- [Task prompt]
Reproduce every line of the material below, but drop the pictures.

- [Materials provided]
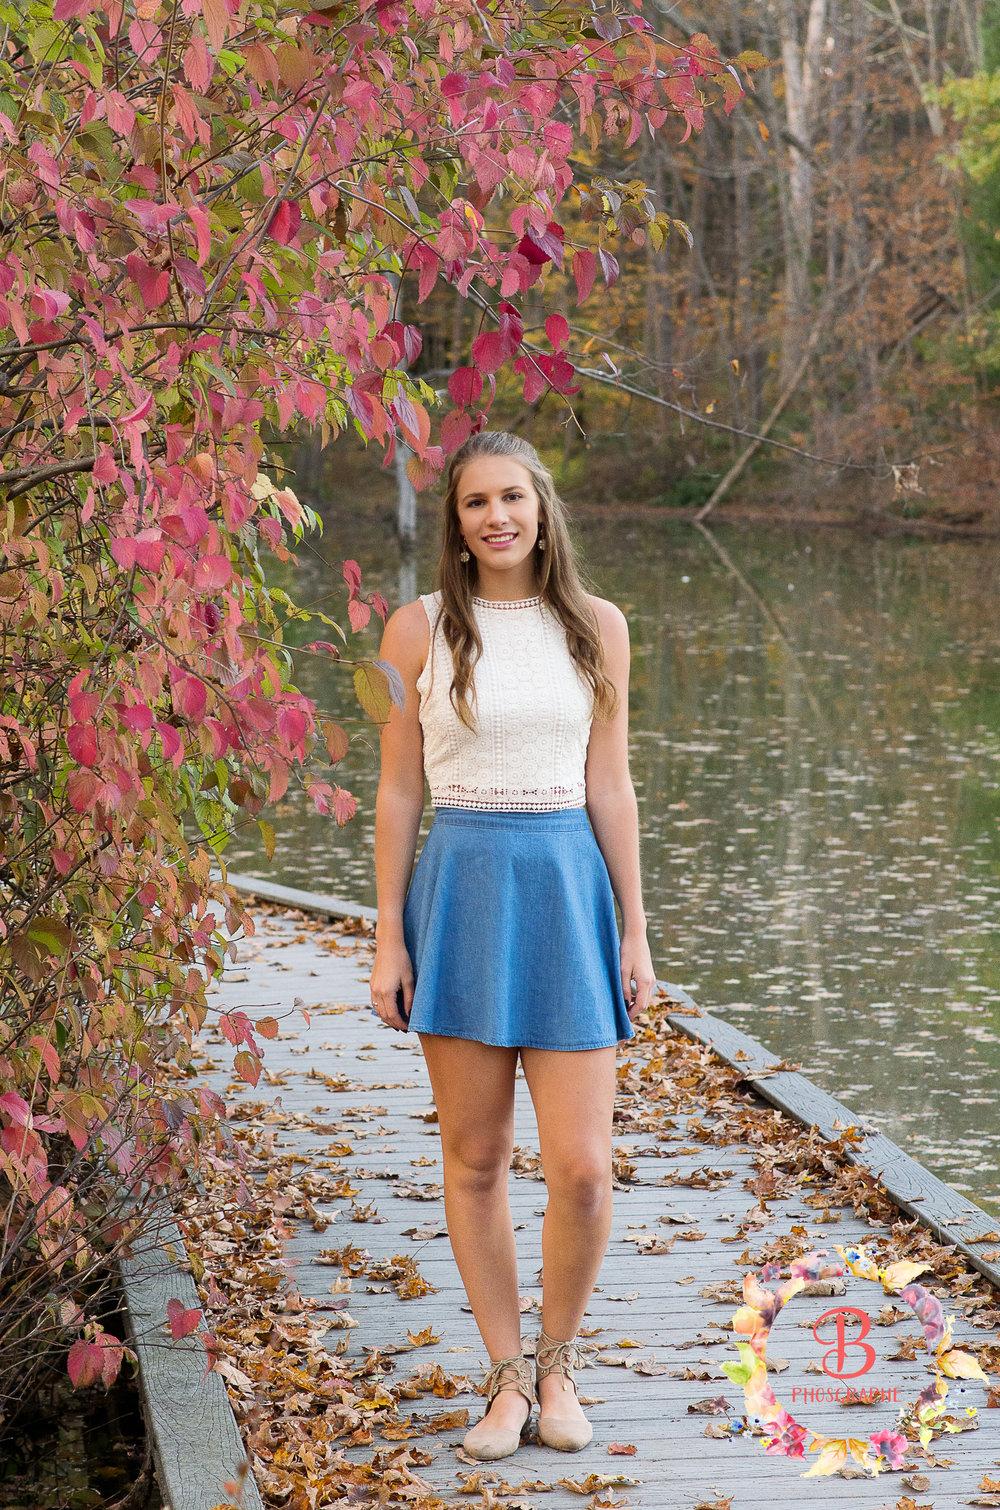 class of 2017, senior photography, senior girl, senior portrait, betsy pittman, bphosgraphe, b phosgraphe, cincinnati, OH-9.jpg
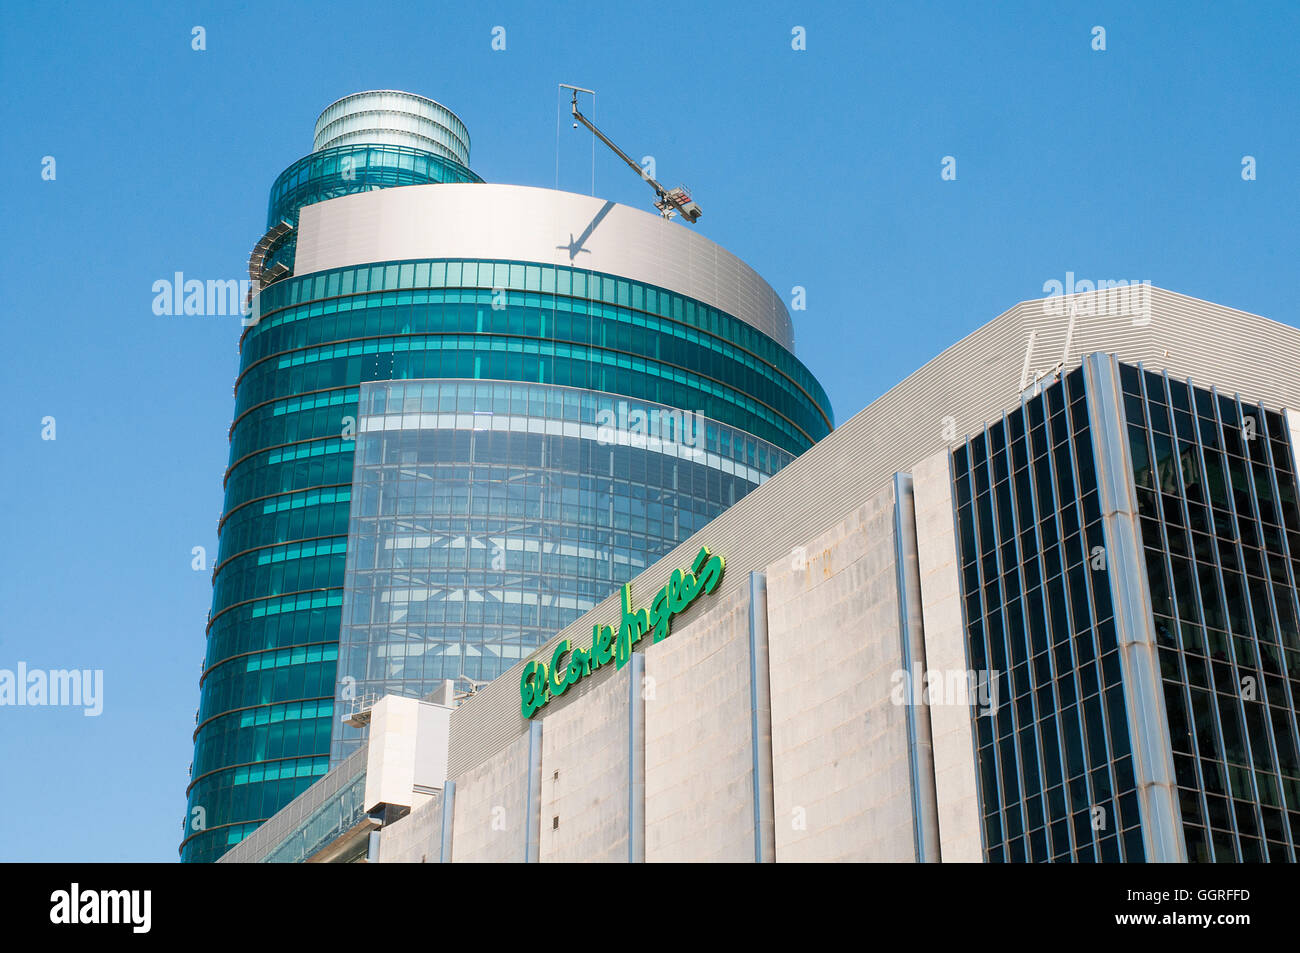 Titania-Turm und El Corte Ingles Gebäude. AZCA, Madrid, Spanien. Stockbild
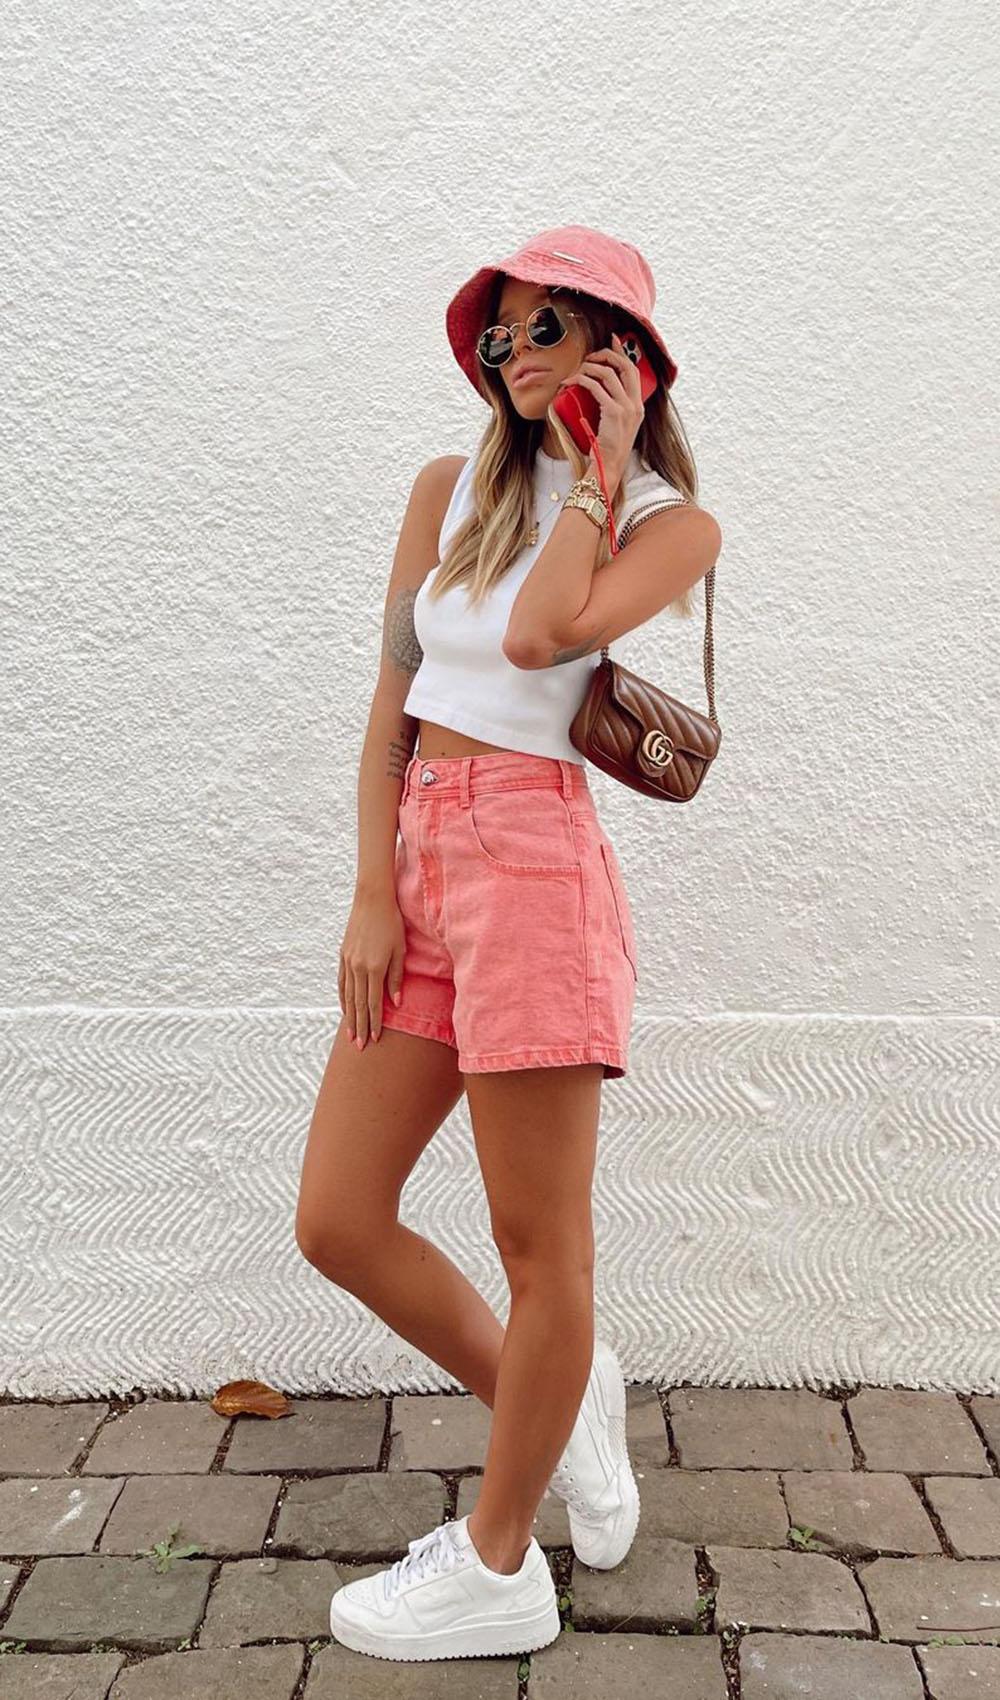 Regata branca com shortinho rosa, bucket hat e tênis branco
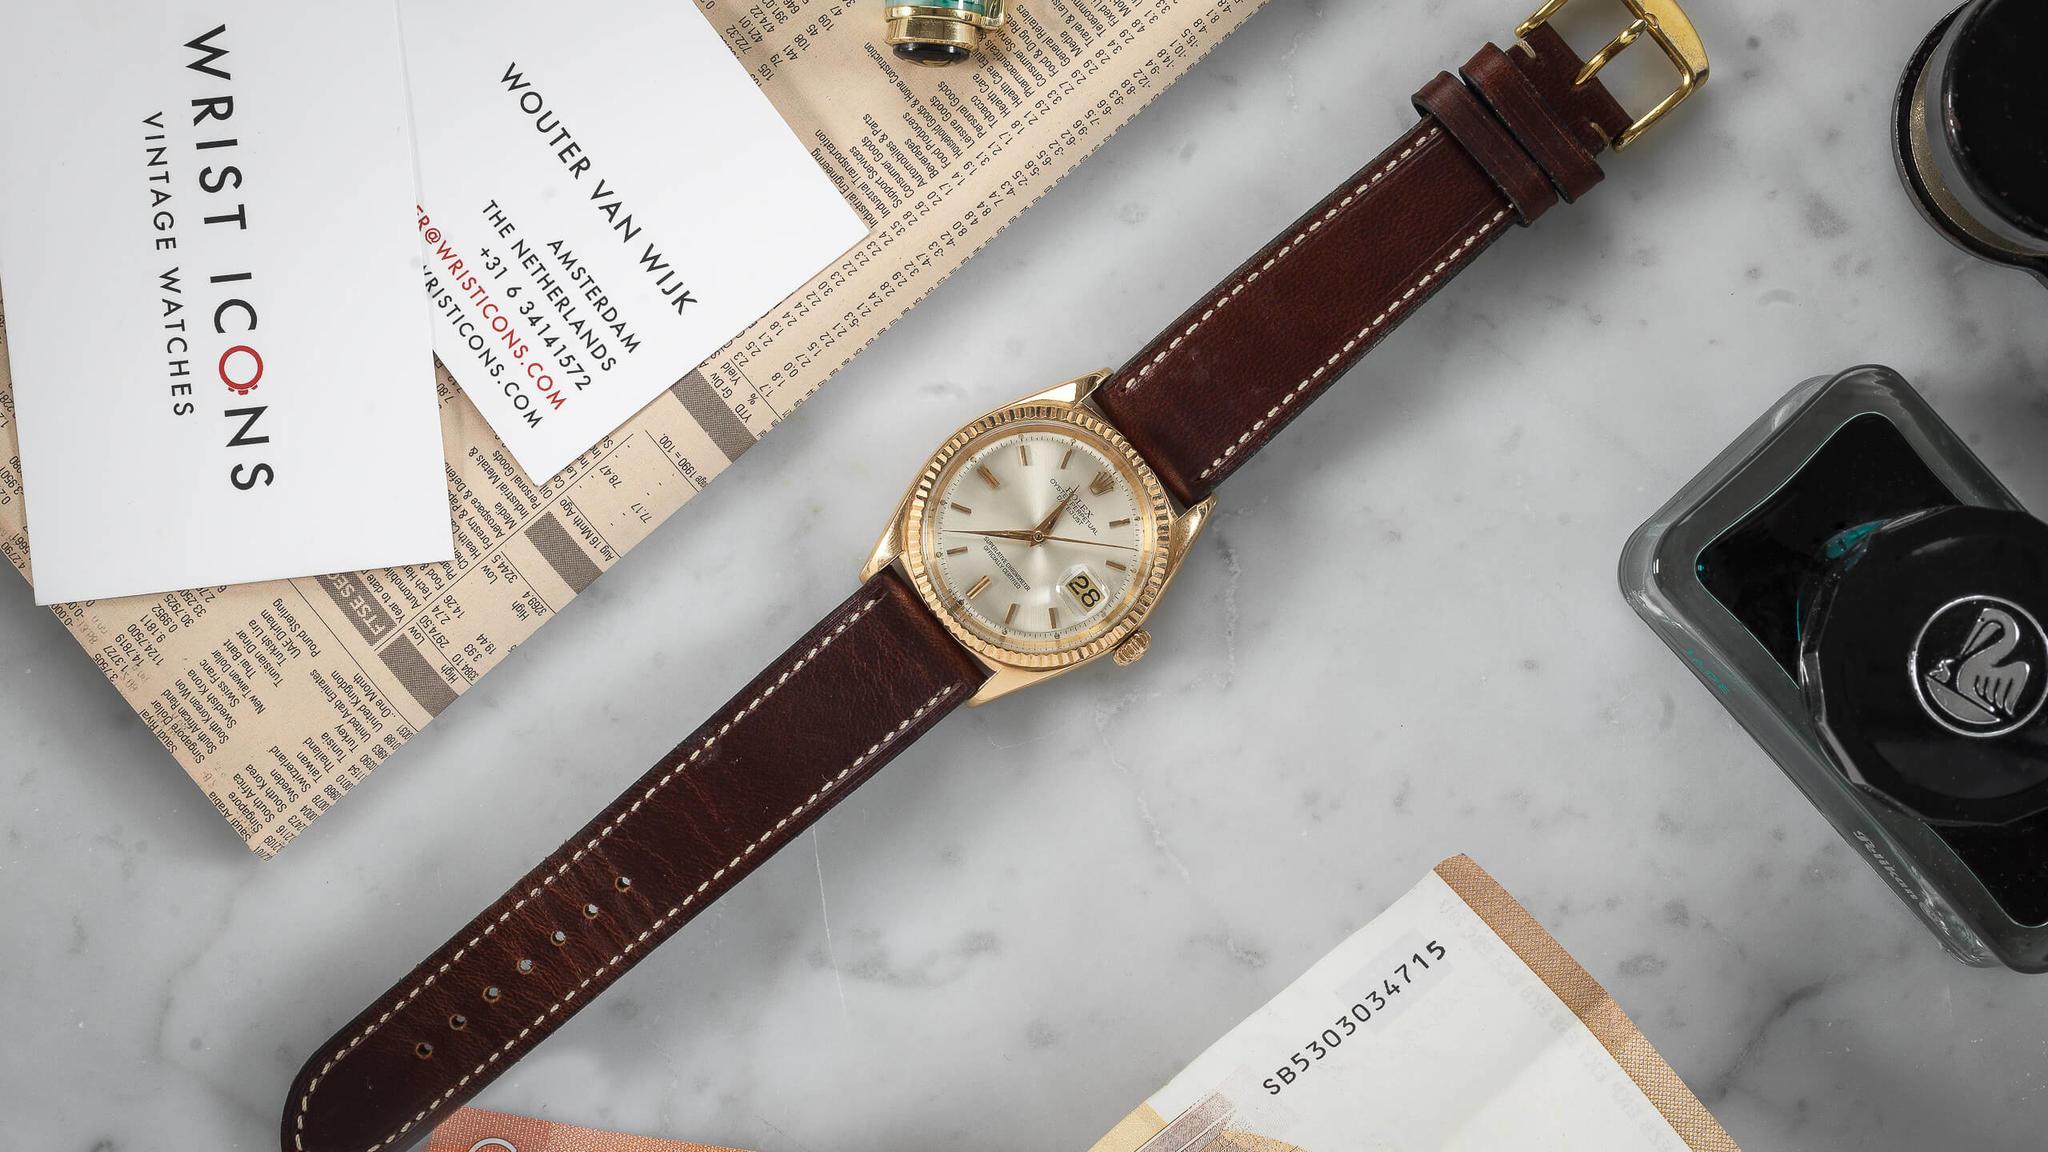 Rolex Datejust 1601 rose gold 1963
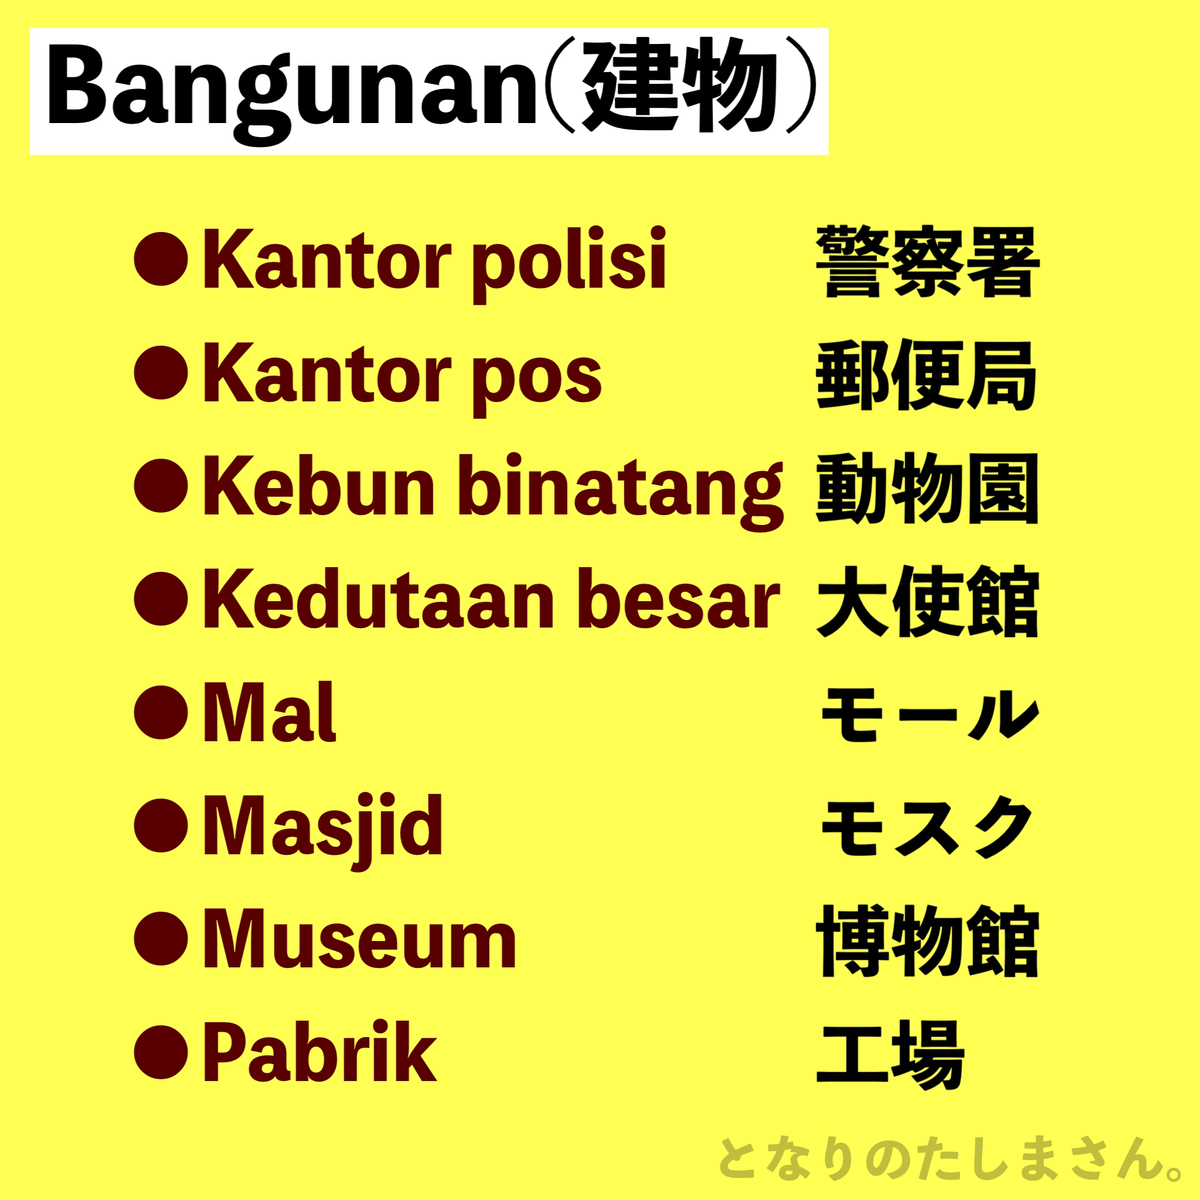 f:id:yutonsmaile:20210928153810j:plain

- [Answer]
 class of 2017, senior photography, senior girl, senior portrait, betsy pittman, bphosgraphe, b phosgraphe, cincinnati, OH-9.jpg
 Titania-Turm und El Corte Ingles Gebäude. AZCA, Madrid, Spanien. Stockbild
 Regata branca com shortinho rosa, bucket hat e tênis branco
 Rolex Datejust 1601 rose gold 1963
 f:id:yutonsmaile:20210928153810j:plain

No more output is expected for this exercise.